Question

Determine the pH of an HF solution of each of the following concentrations.

Part A: .280 M

PartB : 4.5*10^-2 M

Part C: 2*10^-2

Part D

In which cases can you not make the simplifying assumption that x is small?

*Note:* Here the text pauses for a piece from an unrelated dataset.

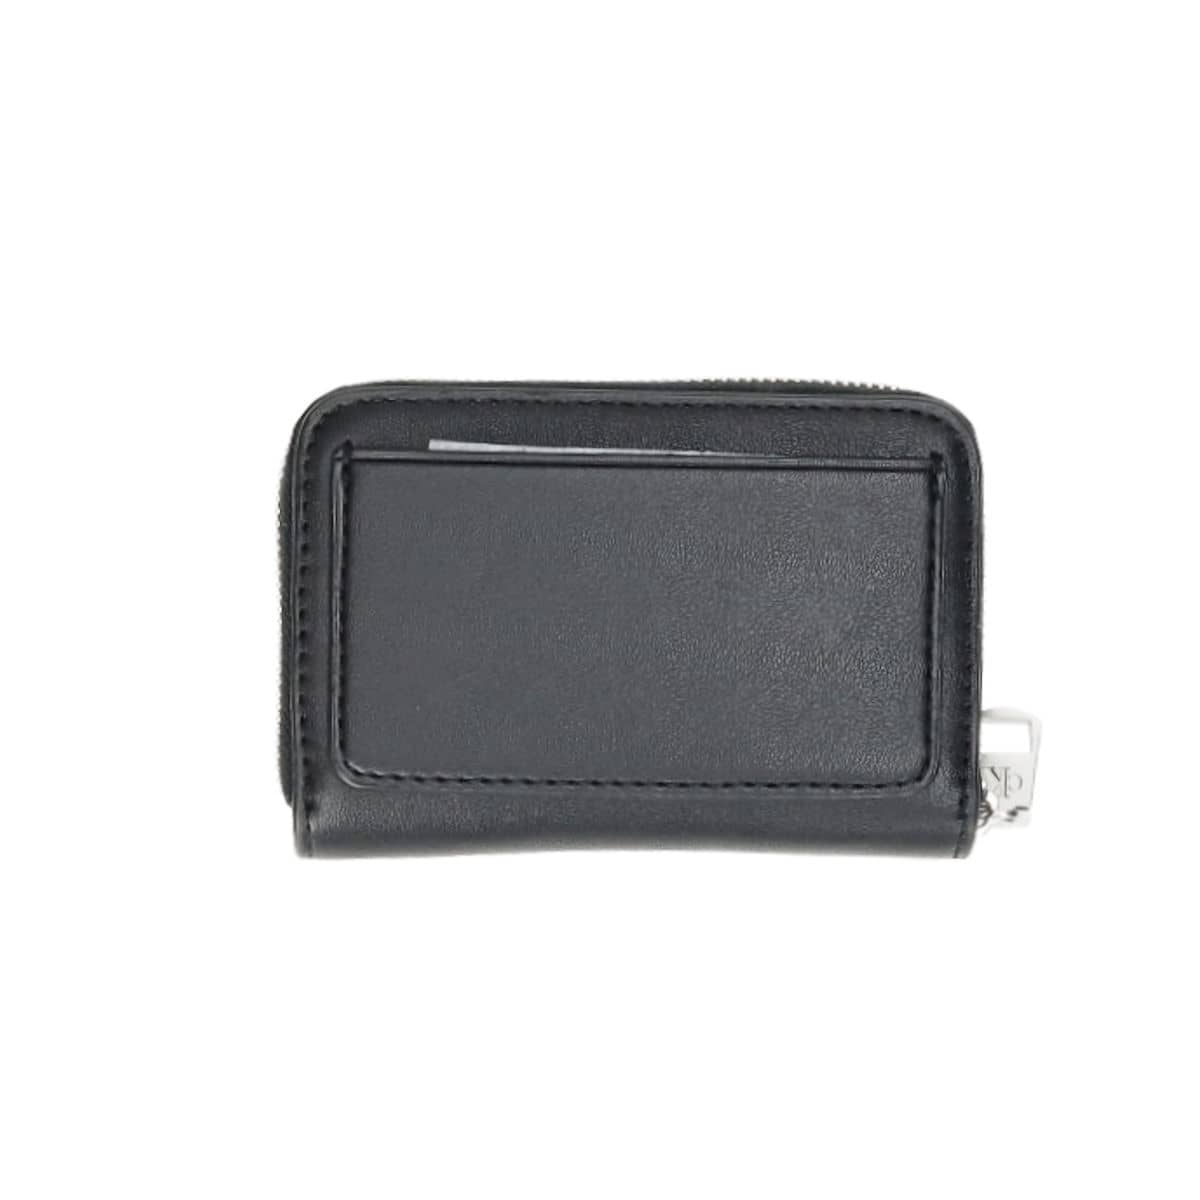  Calvin Klein Women's CK MUST Z/A WALLET X Wallets,Black,OS :  Clothing, Shoes & Jewelry
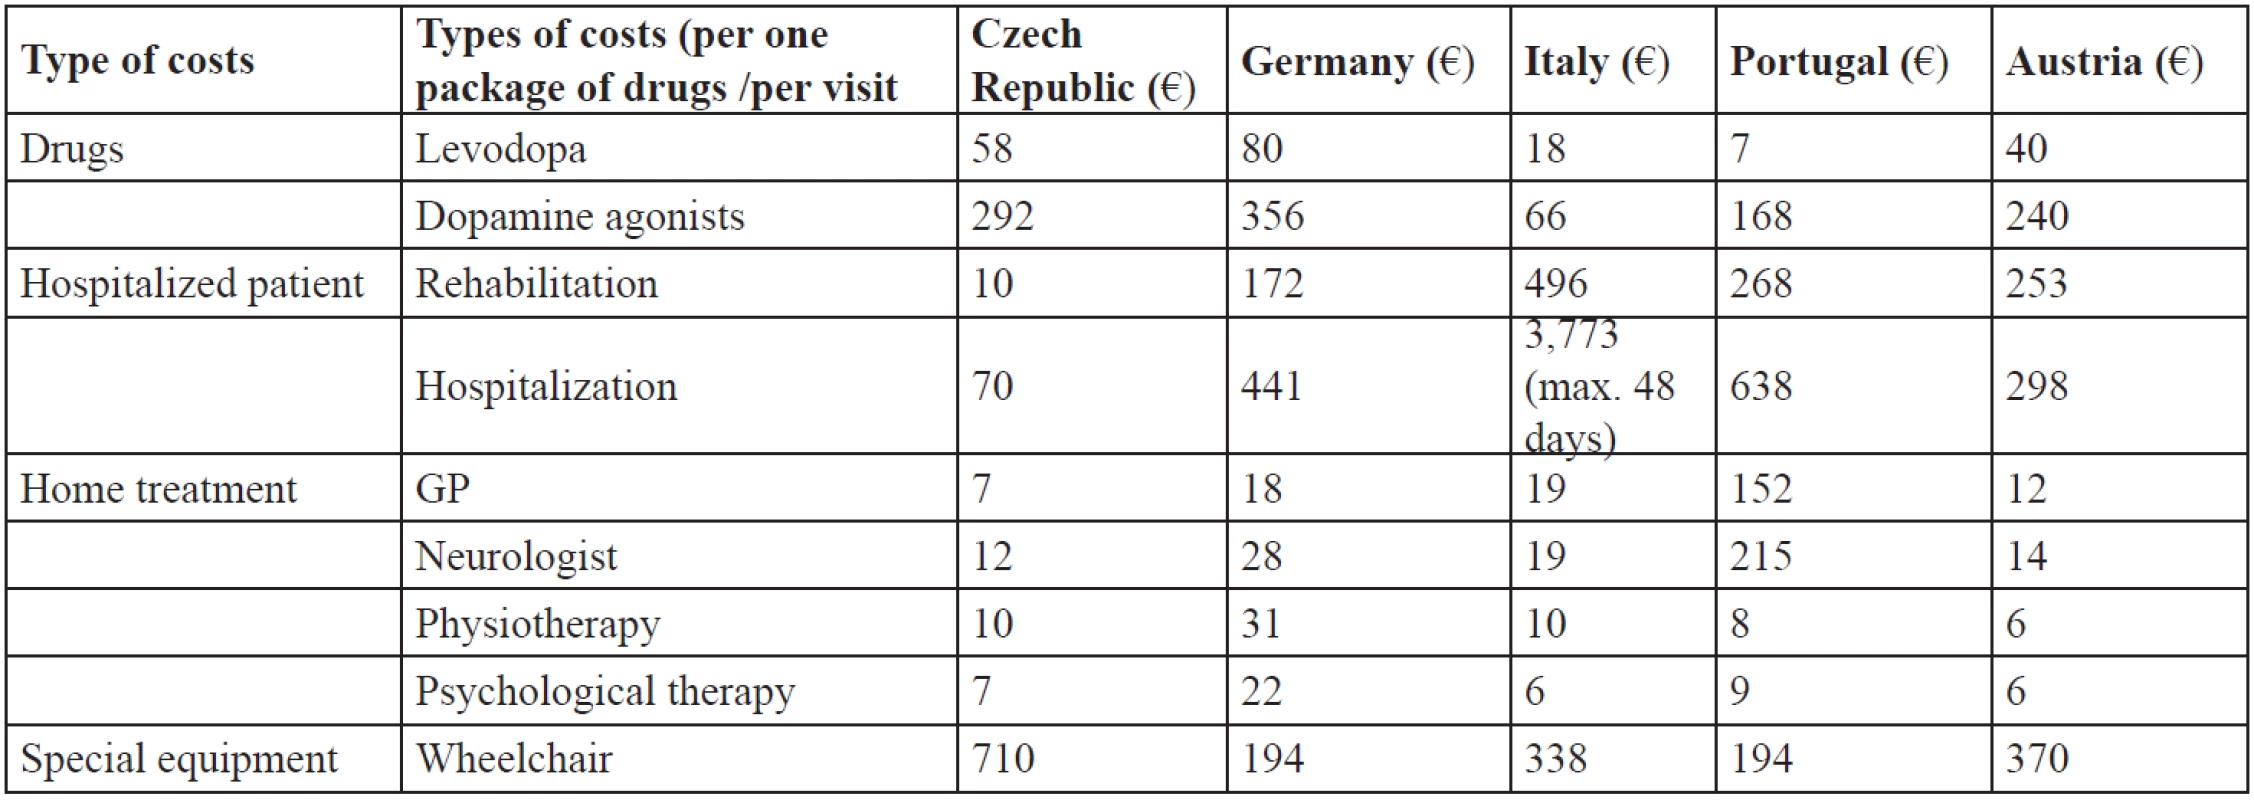 Selected individual costs in chosen European countries

In which cases can you not make the simplifying assumption that x is small?

only in (a)

only in (b)

in (a) and (b)

in (b) and (c)

Answer 1

PART a
              HF <---> H+ + F-

initial      0.28 M     0M   0M

change         x         x    x

equilibrium 0.28-x      x    x

Ka = [H+][F-]/[HF]

Ka of HF = 6.6*10^-4

6.6*10^-4 = (x^2/(0.28-x))

x = 0.0132 M

[H+] = 0.0132 M

pH = -log[H+]

    = -log(0.0132)

   = 1.88

part B

              HF <---> H+ + F-

initial      0.045 M     0M   0M

change         x         x    x

equilibrium 0.045-x      x    x

Ka = [H+][F-]/[HF]

Ka of HF = 6.6*10^-4

6.6*10^-4 = (x^2/(0.045-x))

x = 0.00513 M

[H+] = 0.00513 M

pH = -log[H+]

    = -log(0.00513)

    = 2.3

part c

              HF <---> H+ + F-

initial      0.02 M     0M   0M

change         x         x    x

equilibrium 0.02-x      x    x

Ka = [H+][F-]/[HF]

Ka of HF = 6.6*10^-4

6.6*10^-4 = (x^2/(0.02-x))

x = 0.00332 M

[H+] = 0.00332 M

pH = -log[H+]

    = -log(0.00332)

pH = 2.5

part C

as x is small in (b) and (c) it can not be neglected.